Who should not get FluMist Quadrivalent?

  • have a severe allergy to eggs, gentamicin, gelatin, or arginine
  • have ever had a life-threatening reaction to influenza vaccinations
  • are 2 through 17 years old and take aspirin or medicines containing aspirin. Children or adolescents should not be given aspirin for 4 weeks after getting FluMist or FluMist Quadrivalent unless your healthcare provider tells you otherwise.

Children under 2 years old have an increased risk of wheezing (difficulty with breathing) after getting FluMist Quadrivalent.

Who may not be able to get FluMist Quadrivalent?
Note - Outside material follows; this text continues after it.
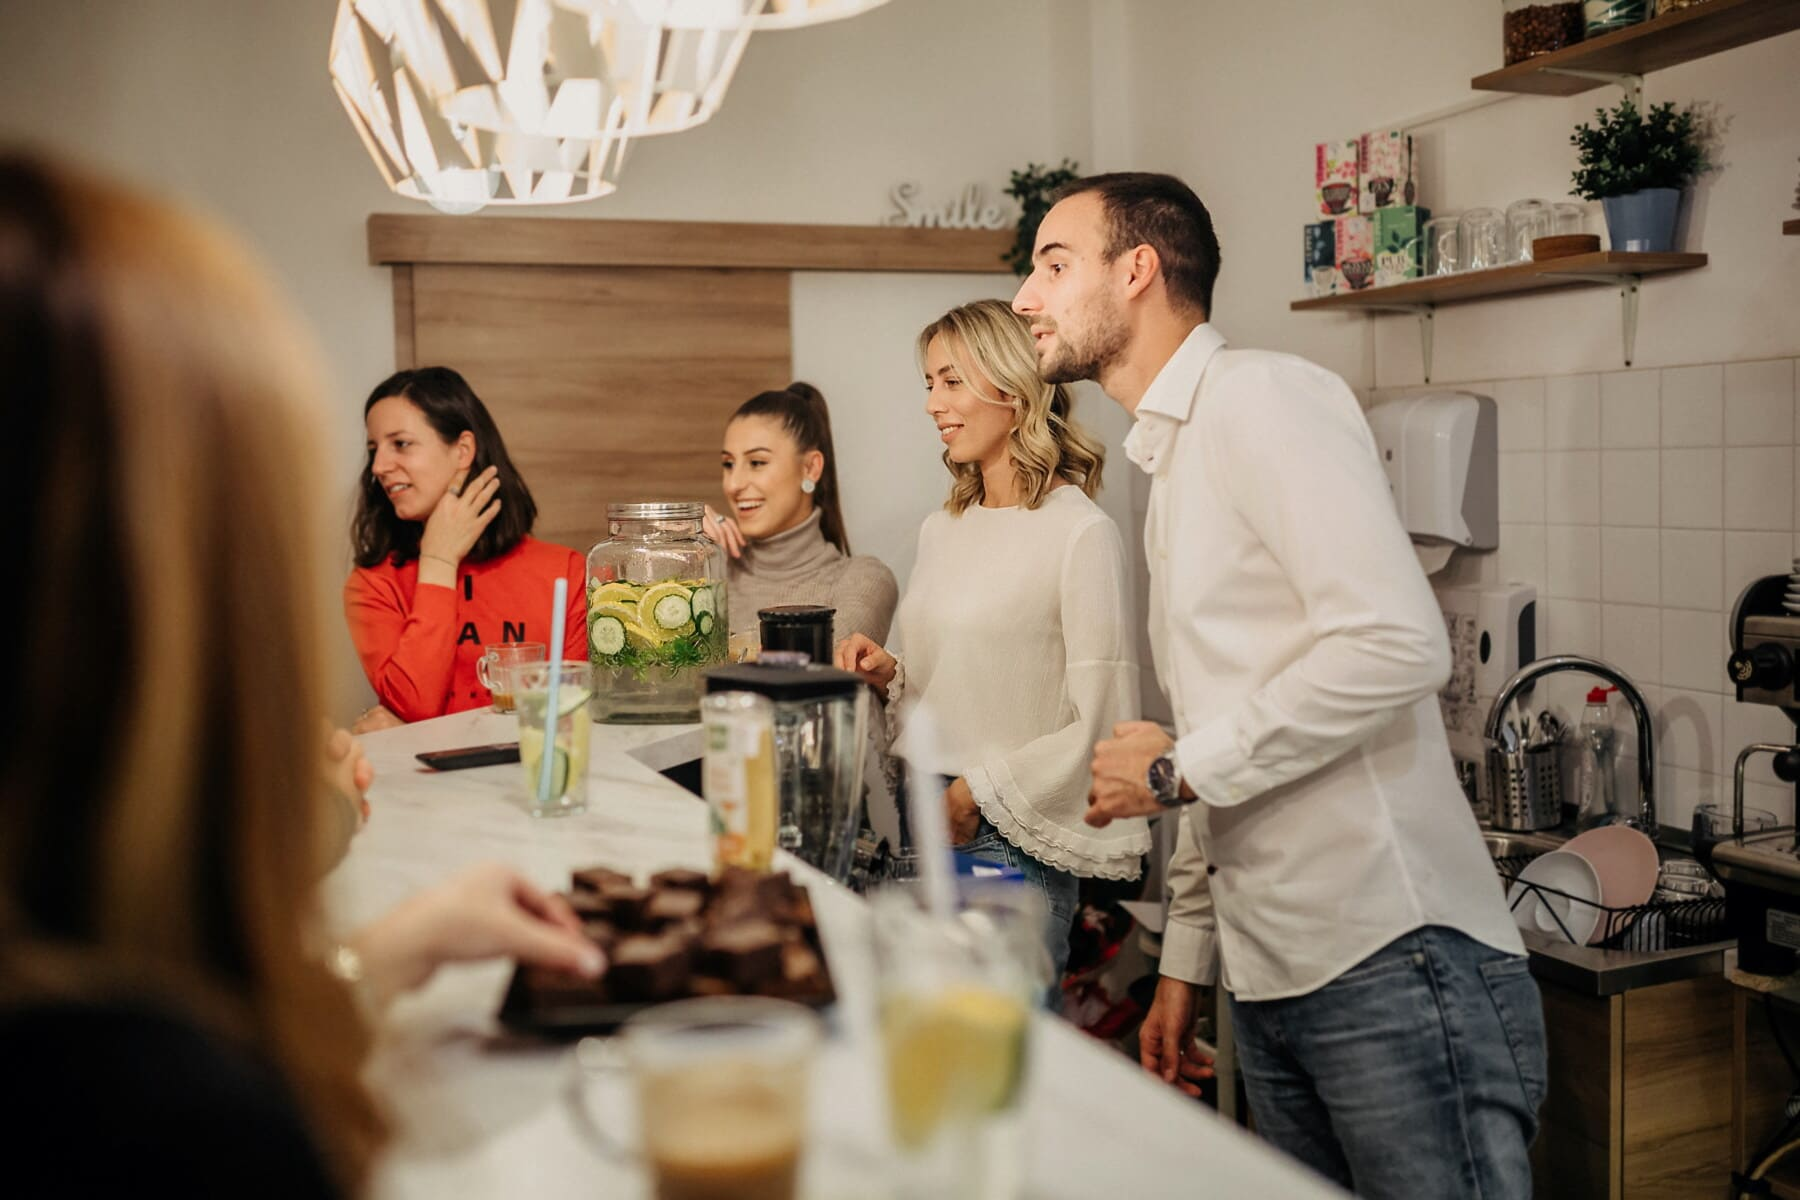 Besprechung, Kuchenladen, Genuss, Cafeteria, Barmann, junge Frau, Krämer, hübsches mädchen, Kunden, Frau
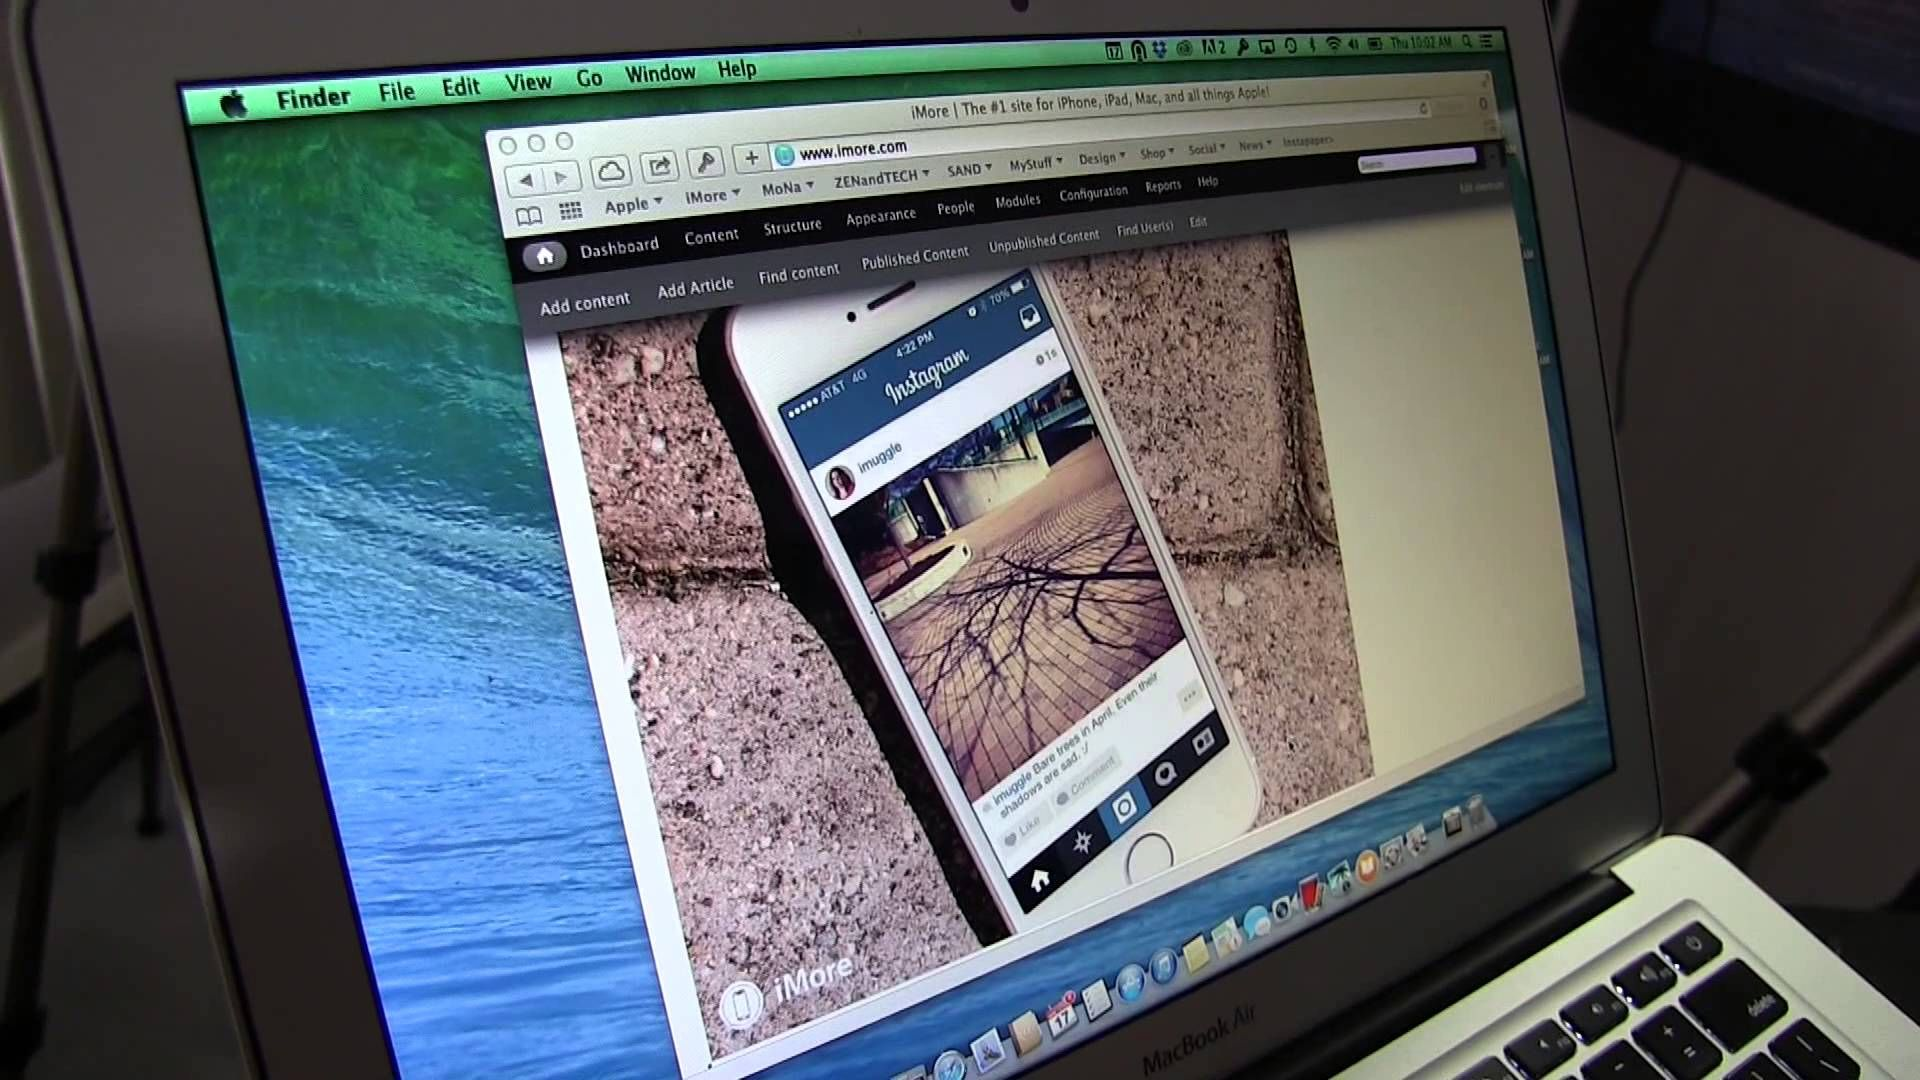 How to take a screenshot with your Mac Mac os, Take a

  • are currently wheezing
  • have a history of wheezing if under 5 years old
  • have had Guillain-Barré syndrome
  • have a weakened immune system or live with someone who has a severely weakened immune system

How is FluMist Quadrivalent given?

  •  FluMist Quadrivalent is a liquid that is sprayed into the nose.
  • You can breathe normally while getting FluMist Quadrivalent. There is no need to inhale or “sniff” it.
  • People 9 years of age and older need one dose of FluMist Quadrivalent each year.
  • Children 2 through 8 years old may need 2 doses of FluMist Quadrivalent if they have not been vaccinated against influenza before. Your healthcare provider will decide if your child needs to come back for a second dose.